Data Bridge Market Research is a leading provider of market intelligence and consulting services, catering to various industries including the automotive, healthcare, media and advertising, information technology (IT), telecommunication, and banking, financial services, and insurance (BFSI) sectors. With a focus on delivering comprehensive insights and analysis, Data Bridge Market Research assists organizations in making informed decisions and staying competitive in dynamic markets. In the automotive industry, Data Bridge Market Research offers in-depth analysis of market trends, technological advancements, and competitive landscape to help companies strategize and capitalize on emerging opportunities. Similarly, within the healthcare industry, their research services cover a wide range of topics including pharmaceuticals, medical devices, healthcare IT, and digital health solutions. For the media and advertising industry, Data Bridge Market Research provides insights into consumer behavior, advertising trends, and digital media strategies. Their expertise in information technology (IT) encompasses research on software, hardware, cloud computing, cybersecurity, and emerging technologies such as artificial intelligence (AI) and natural language processing (NLP).

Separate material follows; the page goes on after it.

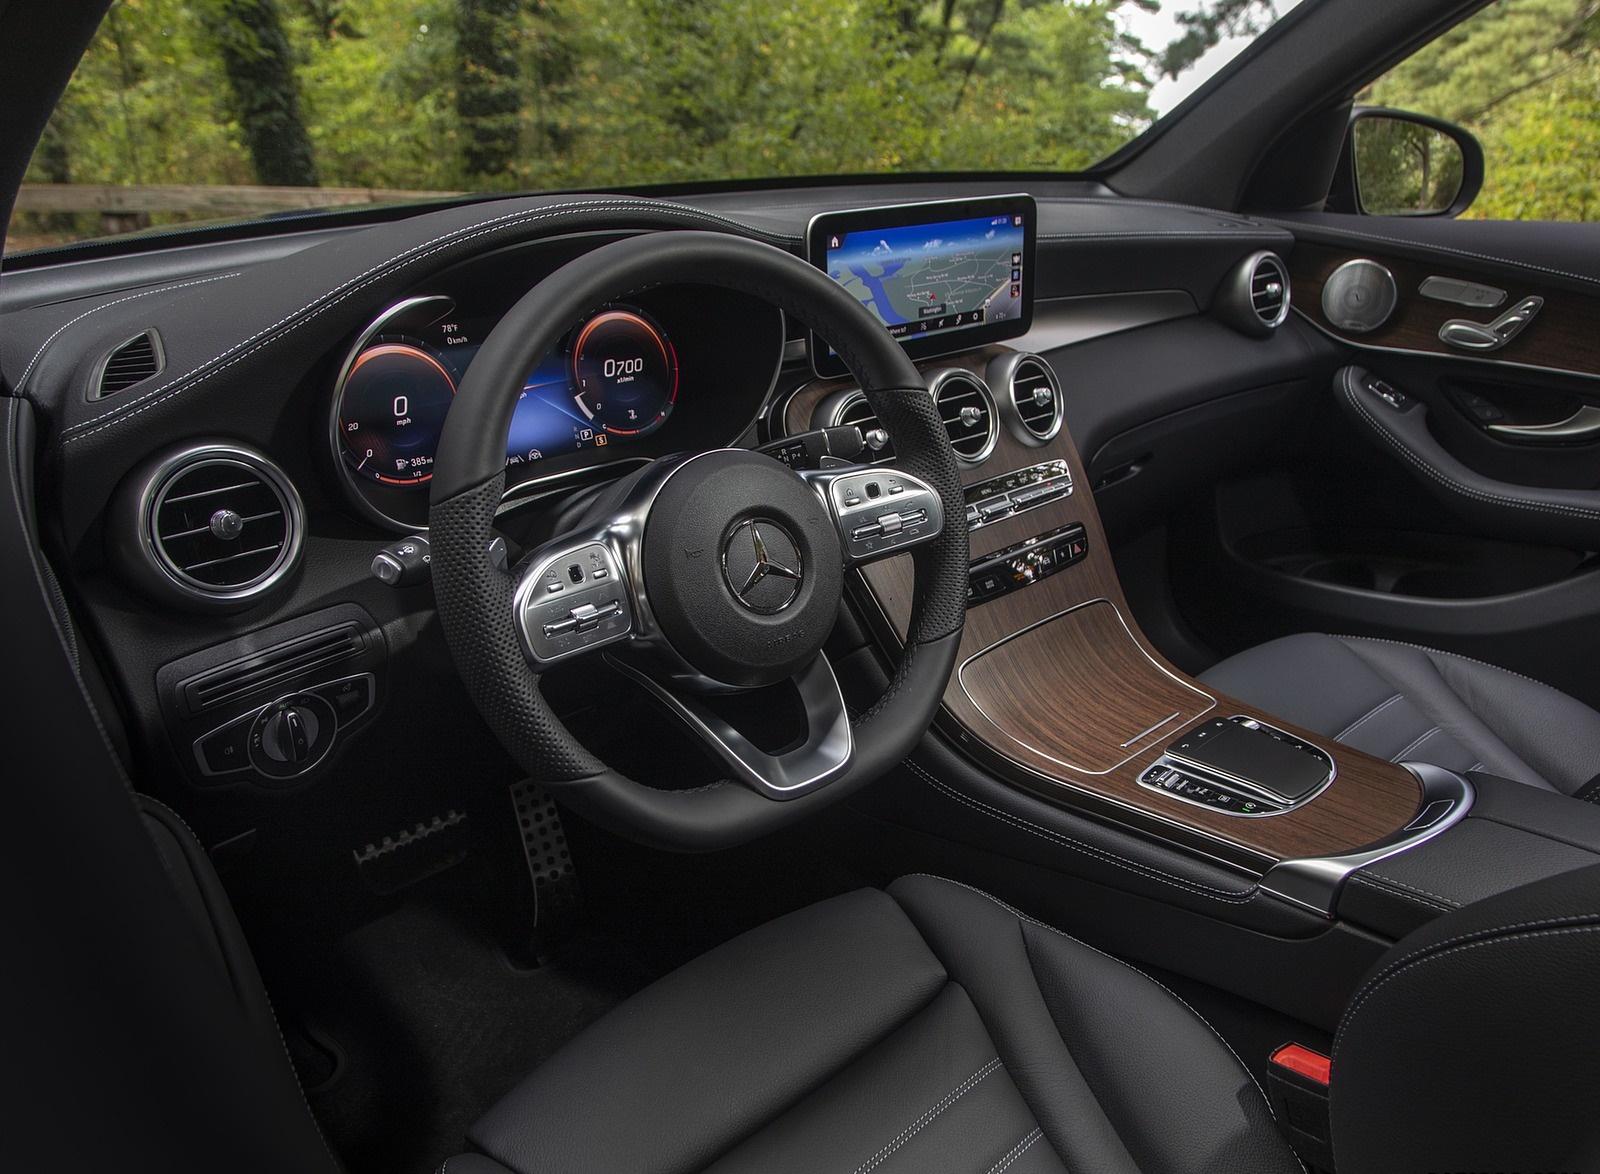 2020 Mercedes-Benz GLC 300 (US-Spec) Interior Wallpapers #20 of 62

In the telecommunication sector, Information technology (IT) industry, and Telecommunication industry, Data Bridge Market Research offers valuable insights into market dynamics, regulatory environment, and technological innovations shaping the industry landscape. Similarly, their research services cater to the banking, financial services, and insurance (BFSI) industry, covering topics such as fintech, digital banking, insurance technology (insurtech), and risk management. With a focus on emerging technologies, Data Bridge Market Research provides analysis and forecasts on topics such as natural language processing (NLP), AI integration with the internet of things (IoT), and innovation in advanced system-on-chips (SoCs). These insights enable organizations to stay ahead of the curve and harness the full potential of these transformative technologies. Overall, Data Bridge Market Research serves as a trusted partner for businesses across various industries, offering actionable insights, strategic recommendations, and customized solutions to support their growth and success in today's competitive landscape.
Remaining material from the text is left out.